Page 15 of Silver


  Come on! Come on! You can make it!

  The chopper touched down with a rattling thump, and the engine cut out with a bang. Paul let out a breath. For a minute, there was only the descending whine of rotors and the whup-whup-whup of the slowing blades. And then there was silence.

  Mark came up beside him and stared down at the wide stretch of open ground between the science block and the sports hall, where several Infected still roamed aimlessly. Then he raised his head, looked at the helicopter, and scratched the back of his neck.

  “Well,” he said. “That’s kind of inconvenient.”

  “Someone’s coming out,” said Mr. Sutton.

  The light was just enough to see two people emerge from the craft. Two men, by the looks of it. One of them wore a lab coat and looked like a scientist; the other wore the helmet and fatigues of a pilot. The pilot leaned on the scientist’s shoulder, and he was limping badly as he got out.

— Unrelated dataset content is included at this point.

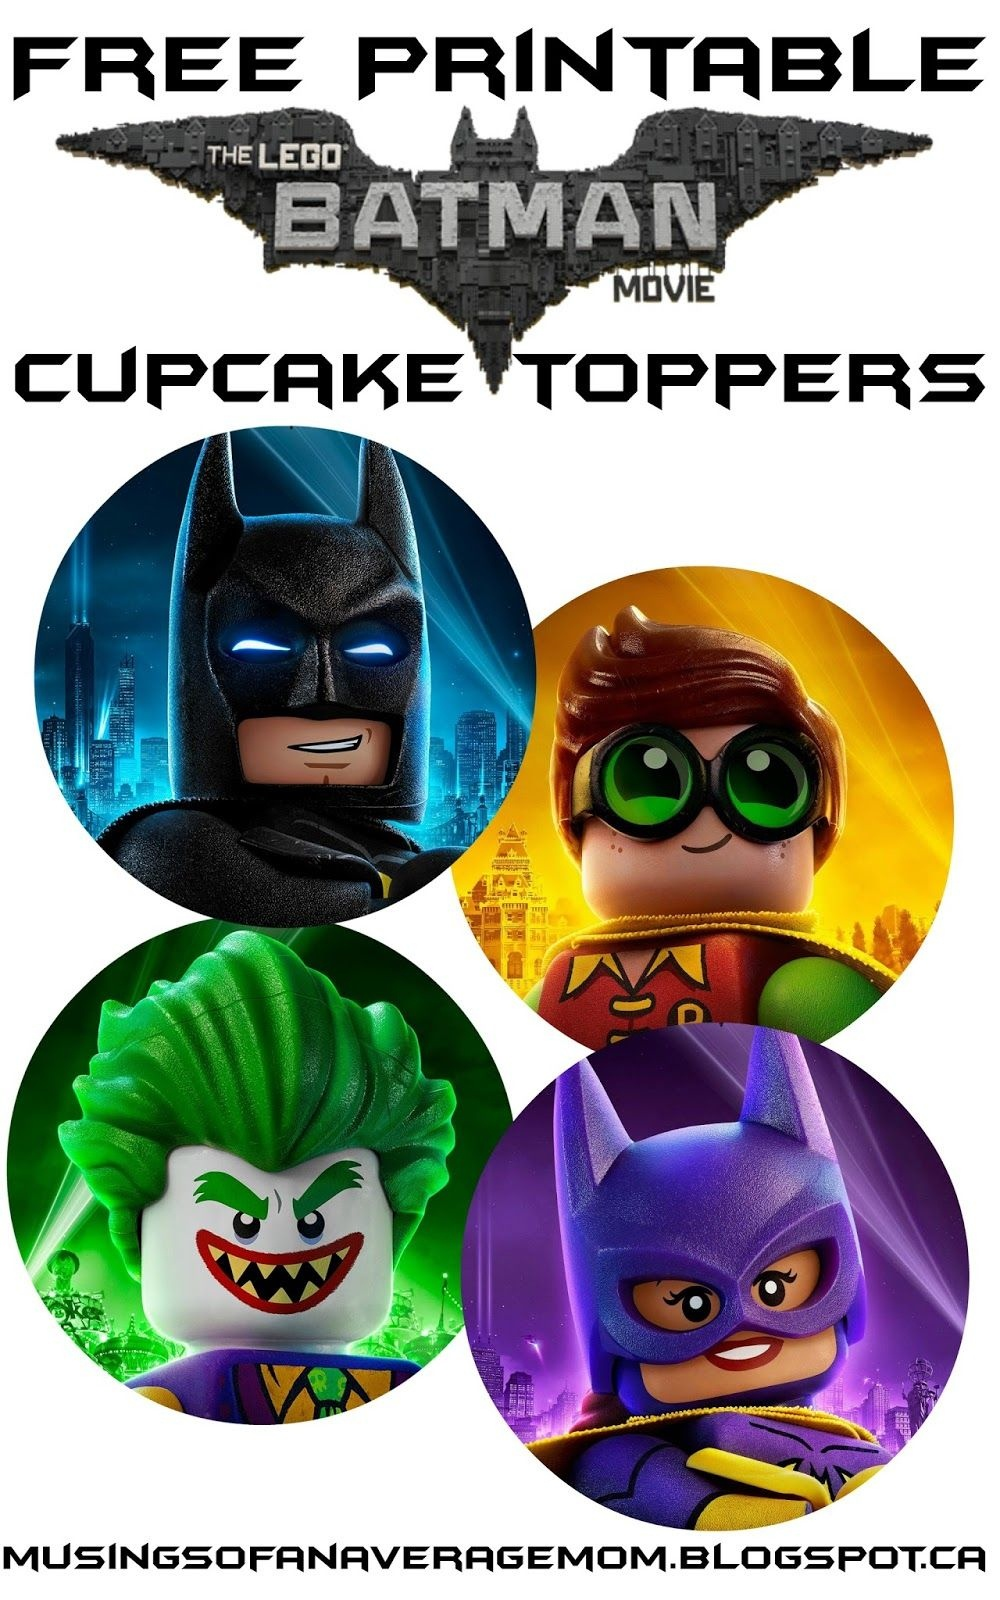 Free Lego Batman Cupcake Toppers | Daniel Bday Theme Ideas | Lego - Free Printable Lego Batman

  “Hey!” Adam yelled at them, hands cupped to his mouth. “Oi! You alright over there?”

  They waved their hands and shouted something back, but the wind took their words and carried them away.

  “I said, are you alright?” Adam roared, loud enough to dislodge a lung. But it was still no good: Their replies were lost. They were too far away, and the wind was blowing in the wrong direction.

  The pilot seemed to realize there was no point in shouting. He hobbled back into the helicopter. After a moment, the spotlight began to flash intermittently. Three short flashes, then three long, then three more short, followed by a pause. After that, it would begin again.

  “What’s he doing?” Adam asked.

  “It’s Morse code,” said Mark.

  “Three short, three long, three short,” said Paul. “SOS.”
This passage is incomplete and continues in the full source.